* Work request *
In the entries below, find the line with "Aerial photograpy of" and the line with "Las Vegas, NV, USA."; give again those lines and every line between them, exactly.

* Data to use *
:::
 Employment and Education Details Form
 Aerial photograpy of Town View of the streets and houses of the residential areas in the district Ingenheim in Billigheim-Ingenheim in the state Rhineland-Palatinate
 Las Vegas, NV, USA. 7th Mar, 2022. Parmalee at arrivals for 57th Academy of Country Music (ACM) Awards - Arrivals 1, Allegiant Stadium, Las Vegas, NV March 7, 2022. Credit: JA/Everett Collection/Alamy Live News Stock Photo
:::
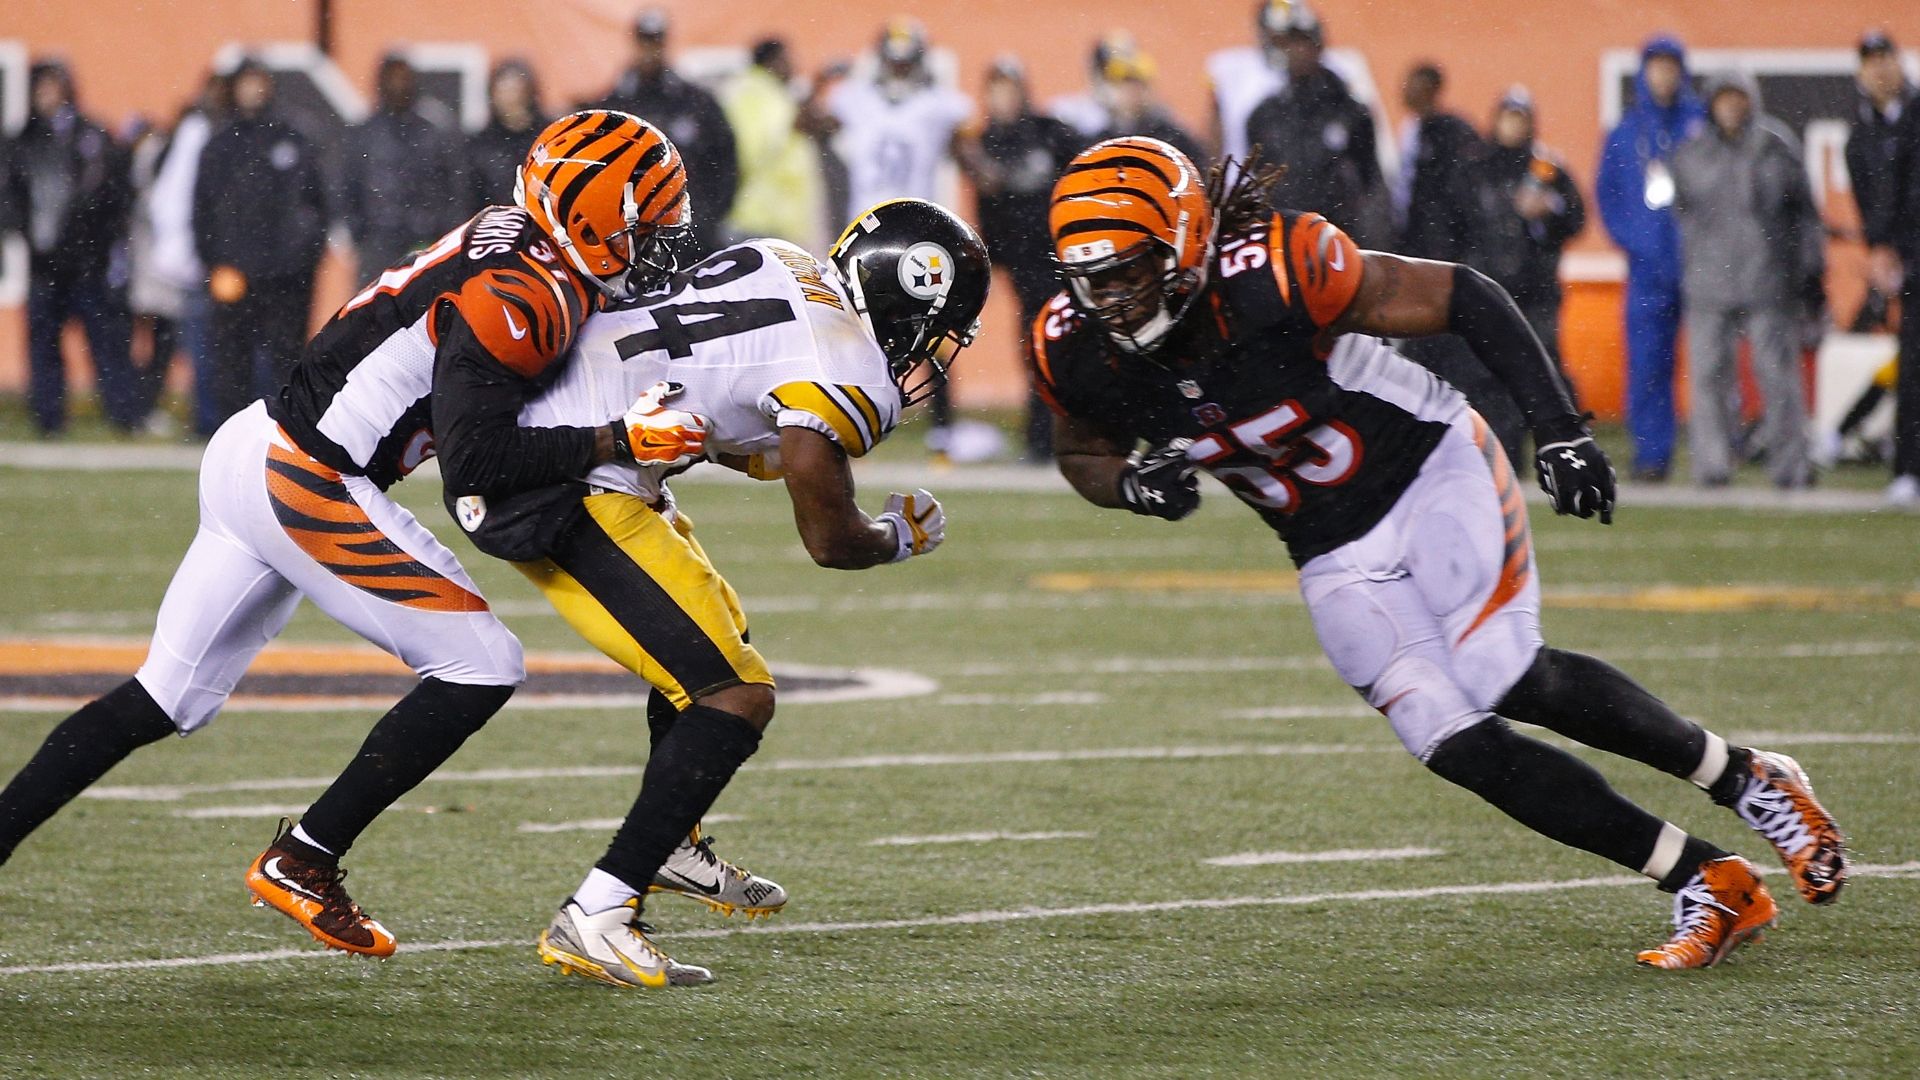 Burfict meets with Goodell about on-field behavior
:::
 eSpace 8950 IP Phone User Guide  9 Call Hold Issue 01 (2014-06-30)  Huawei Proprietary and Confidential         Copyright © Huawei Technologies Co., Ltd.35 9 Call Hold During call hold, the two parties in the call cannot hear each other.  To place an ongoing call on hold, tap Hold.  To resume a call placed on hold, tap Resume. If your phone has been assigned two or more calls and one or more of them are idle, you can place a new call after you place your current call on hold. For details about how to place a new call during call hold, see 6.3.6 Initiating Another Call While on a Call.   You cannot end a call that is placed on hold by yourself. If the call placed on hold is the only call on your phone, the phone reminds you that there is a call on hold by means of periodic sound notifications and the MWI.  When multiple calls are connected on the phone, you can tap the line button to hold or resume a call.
:::
* Result of the exercise *
 Aerial photograpy of Town View of the streets and houses of the residential areas in the district Ingenheim in Billigheim-Ingenheim in the state Rhineland-Palatinate
 Las Vegas, NV, USA. 7th Mar, 2022. Parmalee at arrivals for 57th Academy of Country Music (ACM) Awards - Arrivals 1, Allegiant Stadium, Las Vegas, NV March 7, 2022. Credit: JA/Everett Collection/Alamy Live News Stock Photo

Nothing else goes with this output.